Tester’s speech comes as his re-election bid begins to heat up. He is being challenged by Republican U.S. Rep. Denny Rehberg in a race many expect will be among the most watched in the nation.
Rehberg has stuck by his vote to authorize force in 2002, and while President Bush was in office he voted against a Democratic resolution opposing a buildup of troops in Iraq. Rehberg has since said that a failed government in Iraq would pose a threat to national security.
Rehberg’s office did not respond Tuesday to a request seeking the congressman’s current position on Iraq.
Tester said that more than 4,000 troops have so far been killed in the war, 32,000 wounded and the cost is approaching $1 trillion. And he said the war was started by political leaders looking for weapons that never existed.
He said keeping U.S. can no longer “referee a centuries-old civil war” that is not likely to end anytime soon. Tester said taxpayers should not be asked to keep paying for it.
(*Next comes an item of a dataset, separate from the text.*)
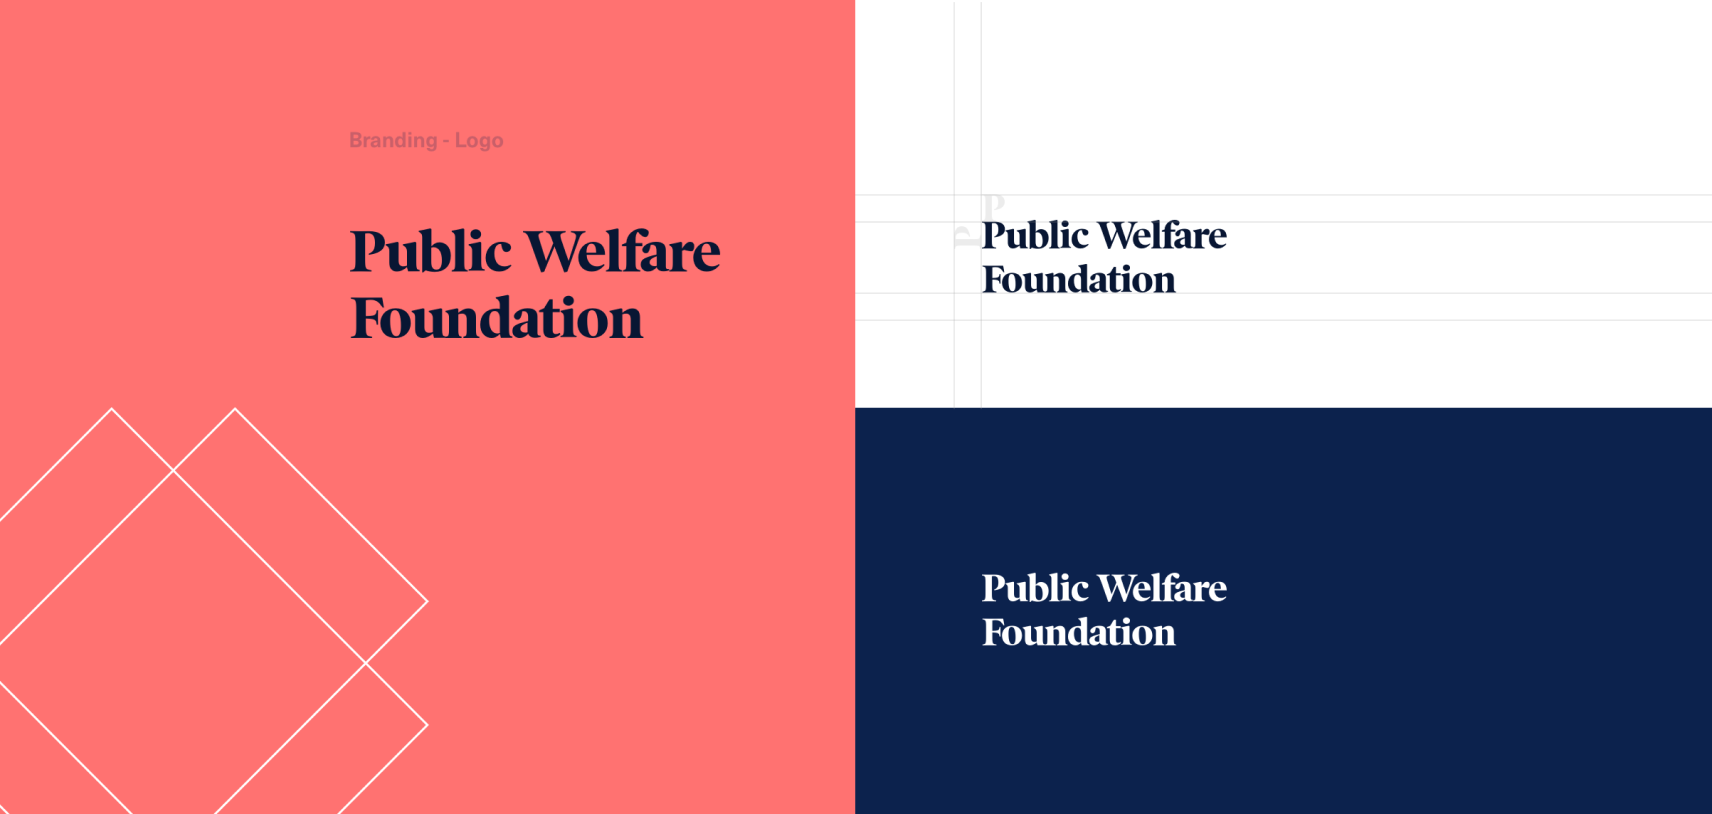 Grid of logos showing Public Welfare Foundation branding in a variety of colors.

The Obama administration is still weighing options for extending its military training role in an Iraq still plagued by violence, according to reports. Under a 2008 security agreement all troops are to depart Iraq by Dec. 31, a withdrawal process that has already begun.
U.S. military officials have said that Iraq’s security forces have improved, but still are not able to fully defend Iraq.
Tester has sought a quick end to the war in Iraq since his 2006 election campaign, although anti-war activists who supported Tester felt he was not forceful enough on the issue after his election.
In 2007, Tester announced that he felt the original goals of the Iraq war had either been met or determined to be without merit. He has since asked for an orderly plan to remove the troops.
U.S. Sen. Max Baucus, also a Montana Democrat, has previously said his vote to authorize the war was a mistake based on “faulty intelligence” delivered to Congress. Baucus, whose nephew was killed while deployed in Iraq, has said in the years since that the troops should come home as soon as possible.
After Osama bin Laden was killed earlier this year, Baucus was quick to also call for withdrawing troops from Afghanistan by the end of next year.
Tester upped the ante Tuesday with a direct message for the president. “Despite this year’s deadline, I know there’s talk of possibly keeping a sizeable force of U.S. troops in Iraq through next year. If that’s the case, it’s not good,” Tester said. “We cannot afford moving the goal post. Across Montana, and this nation, people are saying: Come home and come home now.”